Six C-17s are already in service with the RAAF’s 36 Squadron, based at Amberley west of Brisbane.
“Should the government elect to exercise this option, the two extra Globemasters would significantly enhance the Royal Australian Air Force’s capacity for operational tasks, disaster relief and humanitarian assistance in our region and around the world,” Minister Johnston said in a statement.
Further, the Minister said that the government has requested pricing and availability data through the US government’s Foreign Military Sales (FMS) program for a further two C-17s, which would take the total RAAF fleet to 10. Decisions regarding the acquisition of the ninth and tenth aircraft are being informed by the Force Structure Review being developed as part of the 2015 Defence White Paper process, he said in a statement on Friday.

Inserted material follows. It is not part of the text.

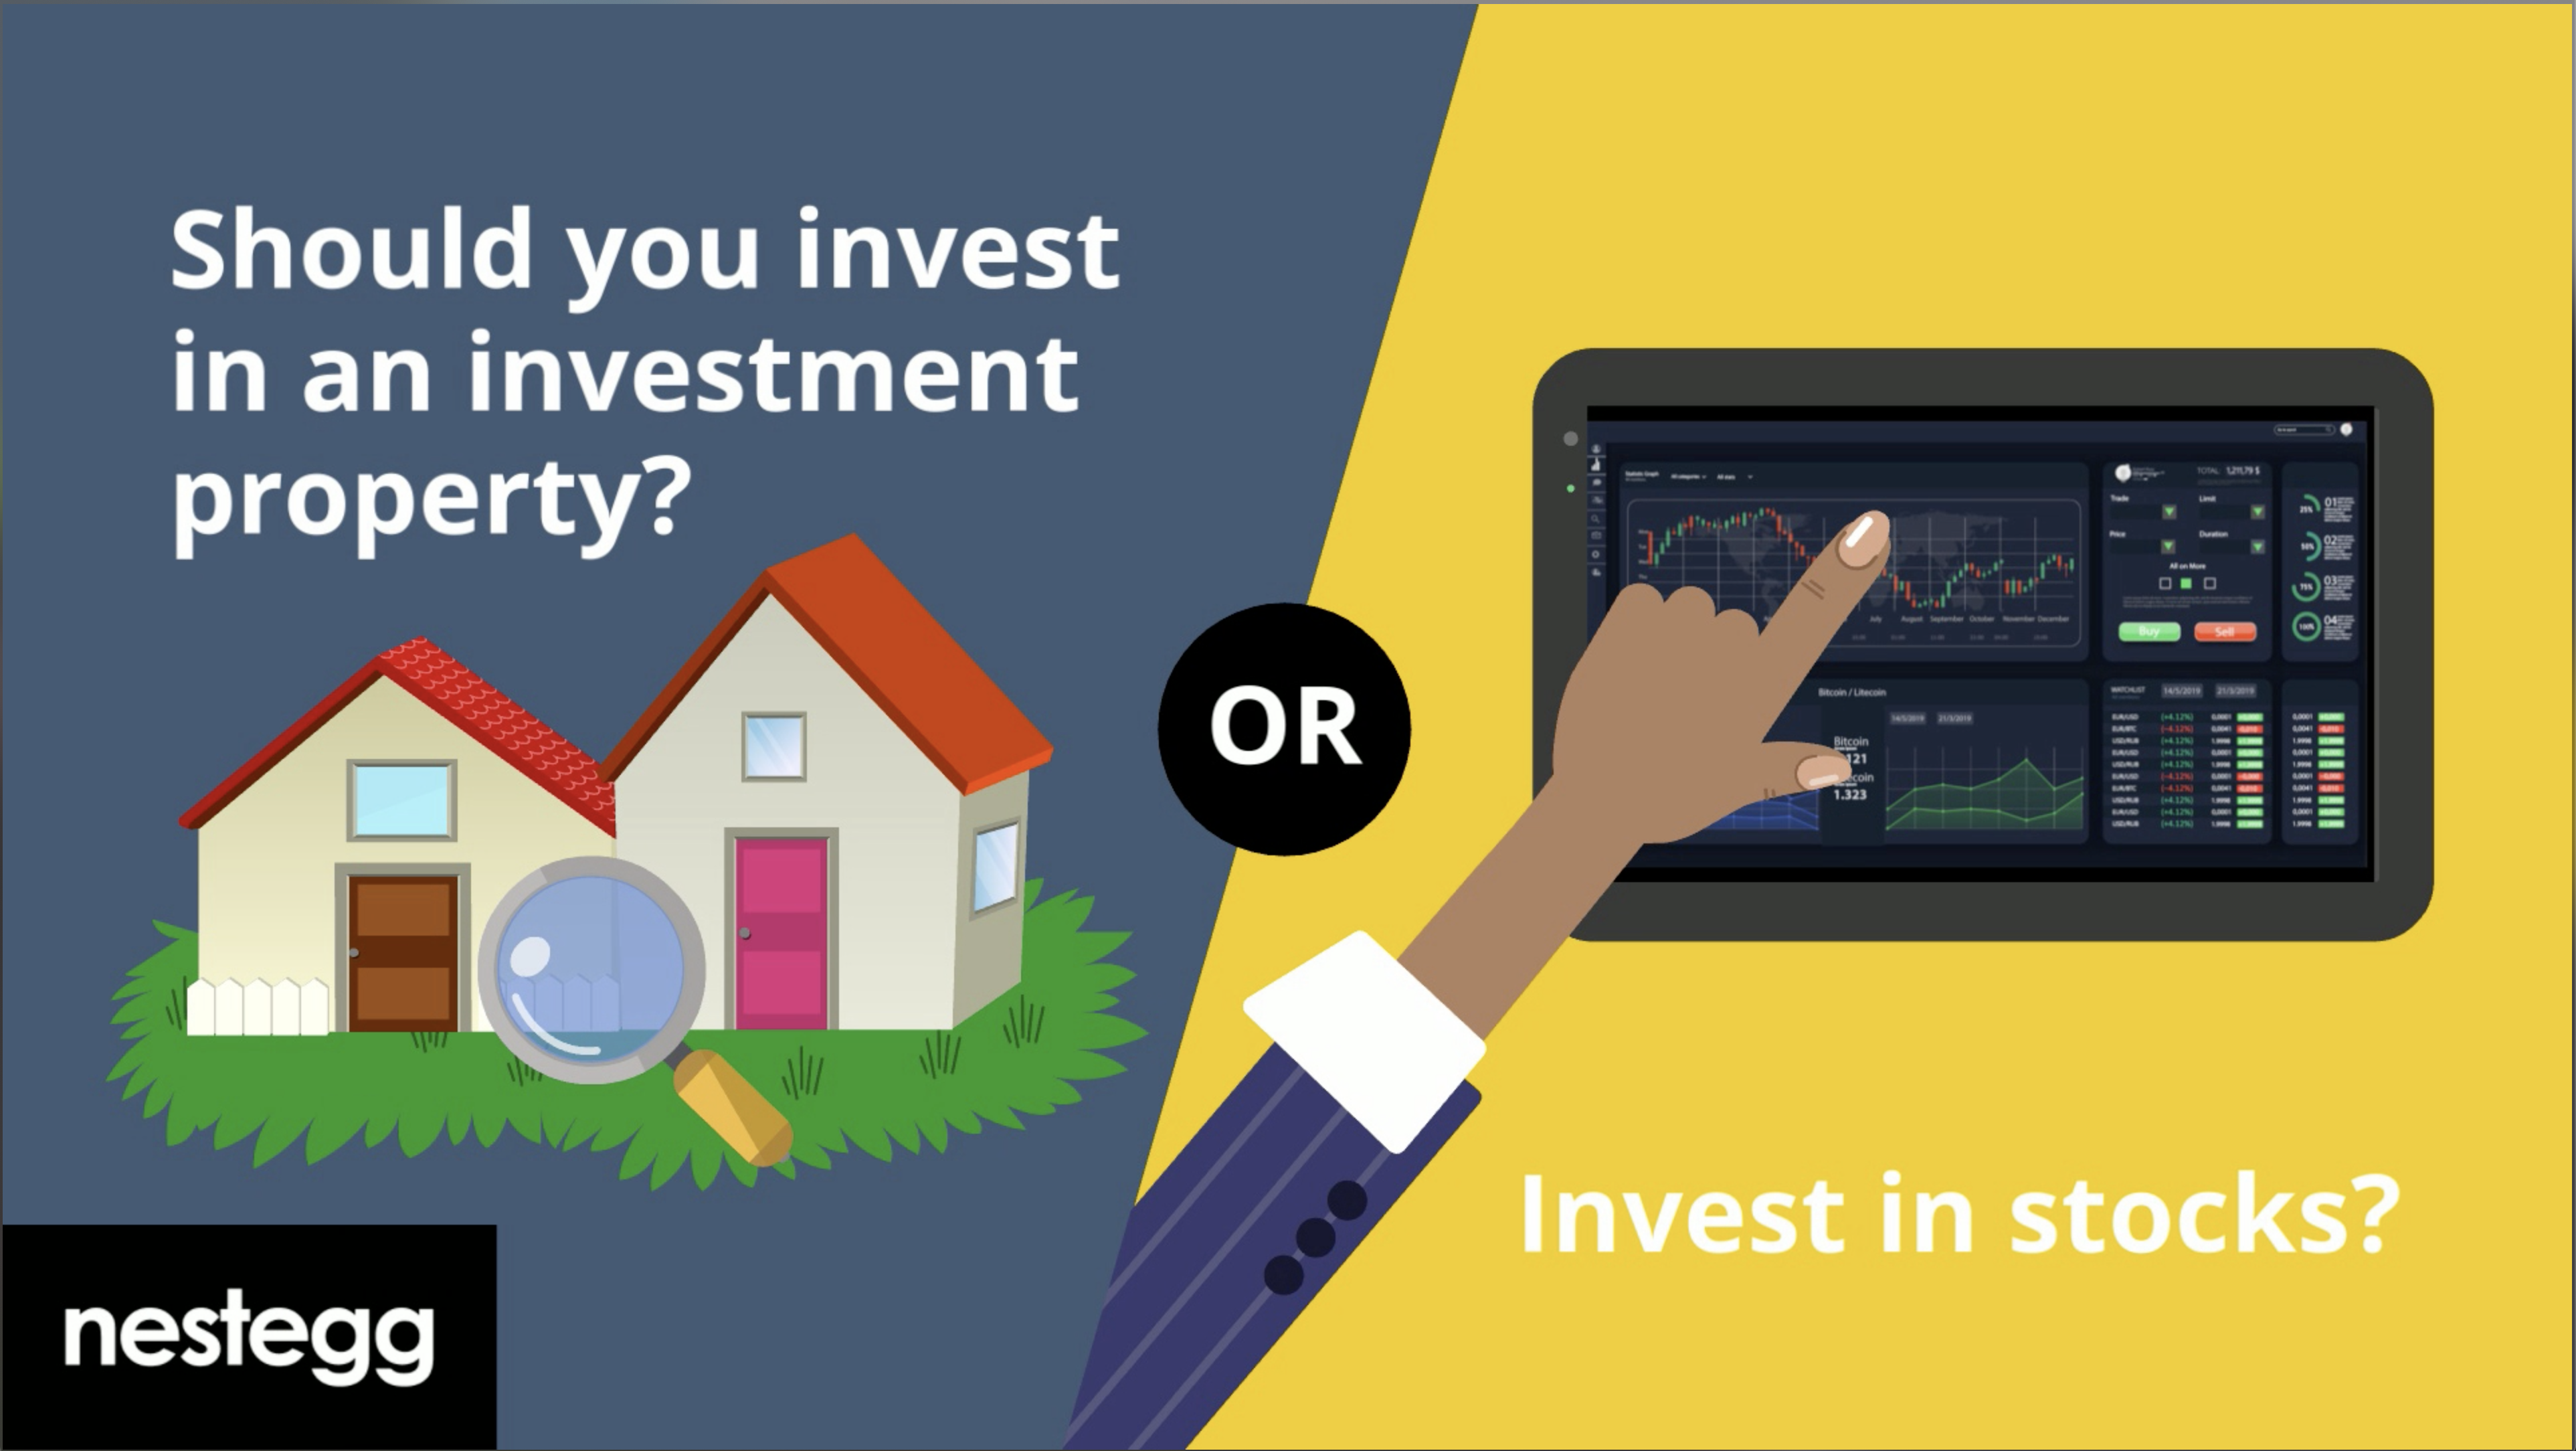 Investment property or stocks?

“Since the first delivery in 2006, we have seen the C-17A Globemaster perform exceptionally well at the forefront of Australia’s military operations and humanitarian work. Recent global events have seen Australia’s national capabilities like the C-17A come to the fore to assist our friends and allies.”
The additional C-17s would integrate seamlessly into the existing fleet based at RAAF Base Amberley, the Defence Minister added.

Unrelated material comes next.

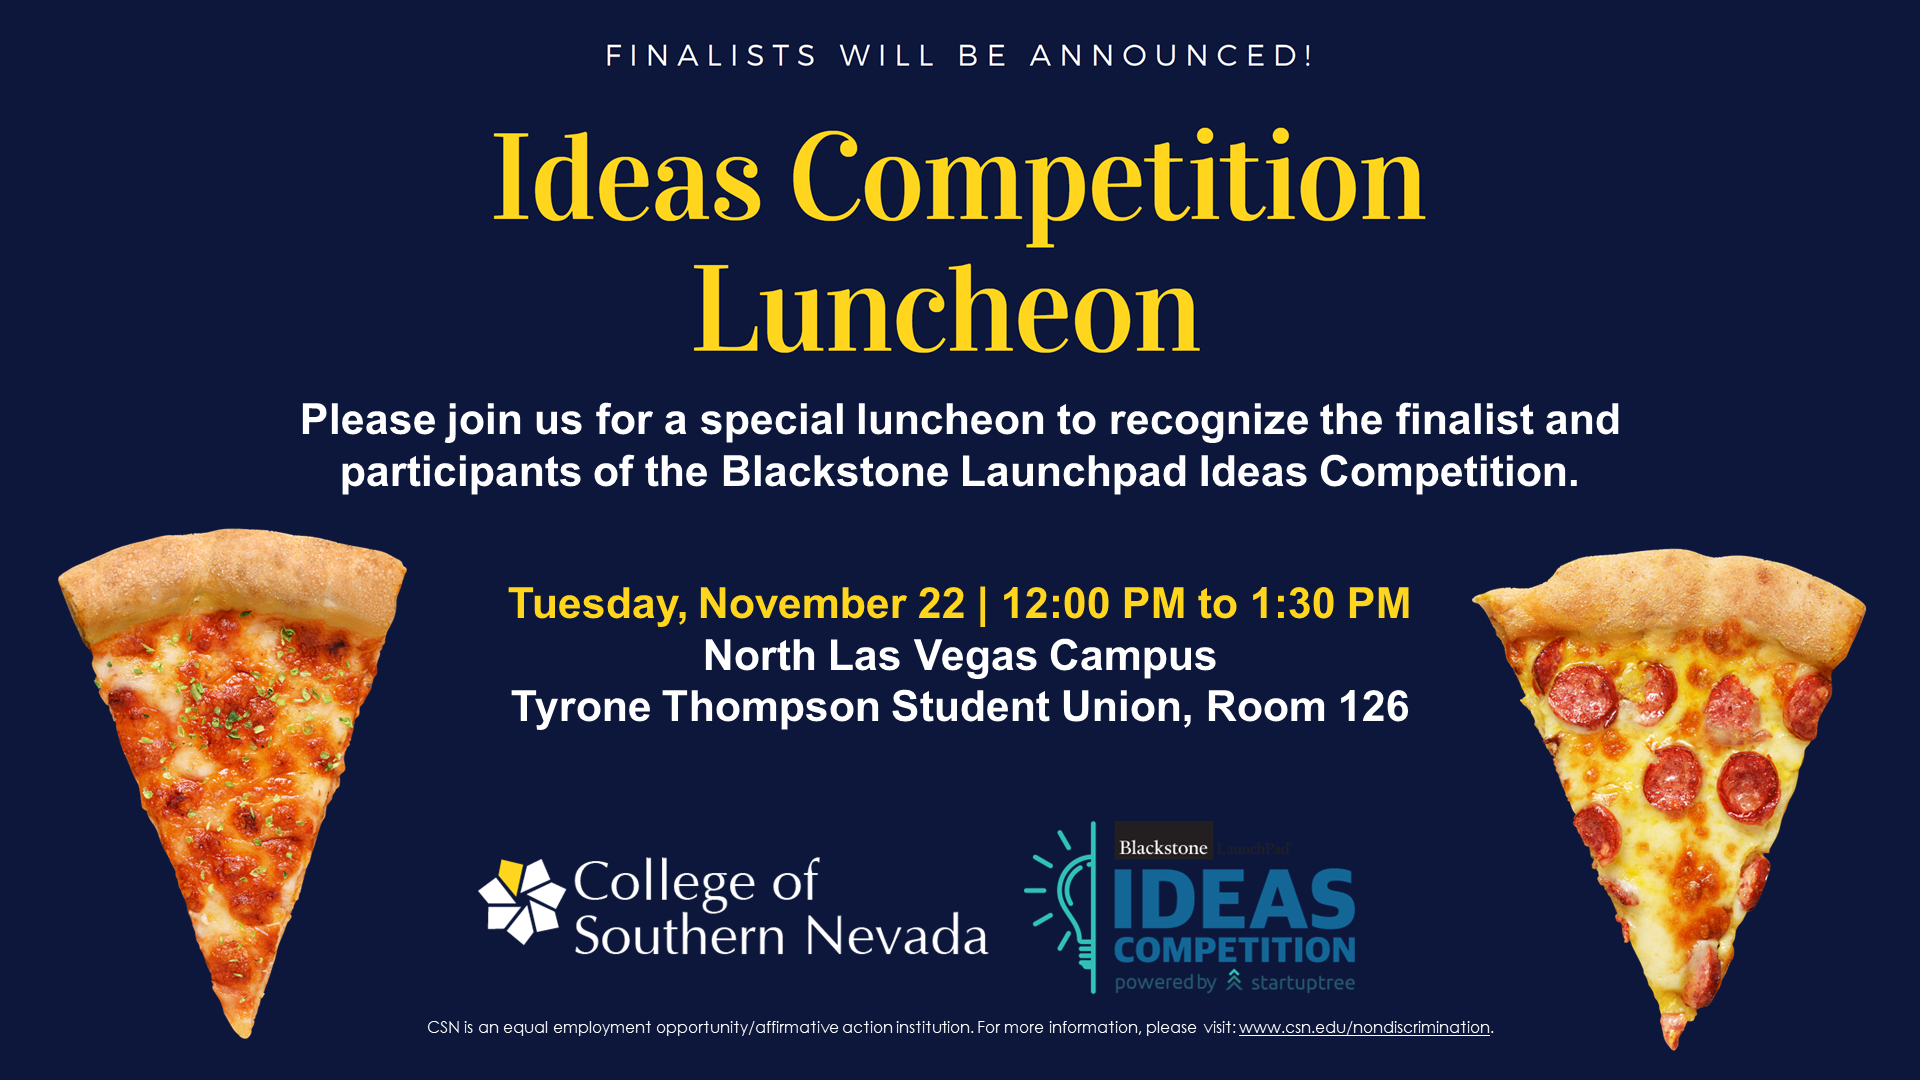 Ideas Competition Luncheon

The Minister first revealed the government was considering extra C-17s in an August interview with News Limited, where he called the acquisition a “no-brainer“.
The opportunity to acquire additional C-17s is limited. Boeing is currently building its 269th and last C-17 at its Long Beach, California plant, with production due to wind up next year. However, the company is building 15 “white tail” aircraft without a customer to date. India (which already has 10 on order) is reportedly interested in a numbr of these, and Boeing remains in ongoing discussions with other existing C-17 operators and potential new customers regarding the remaining aircraft.
Australia initially ordered four C-17s in 2006 which were delivered between December that year and January 2008. The fifth and sixth aircraft were delivered in 2011 and 2012.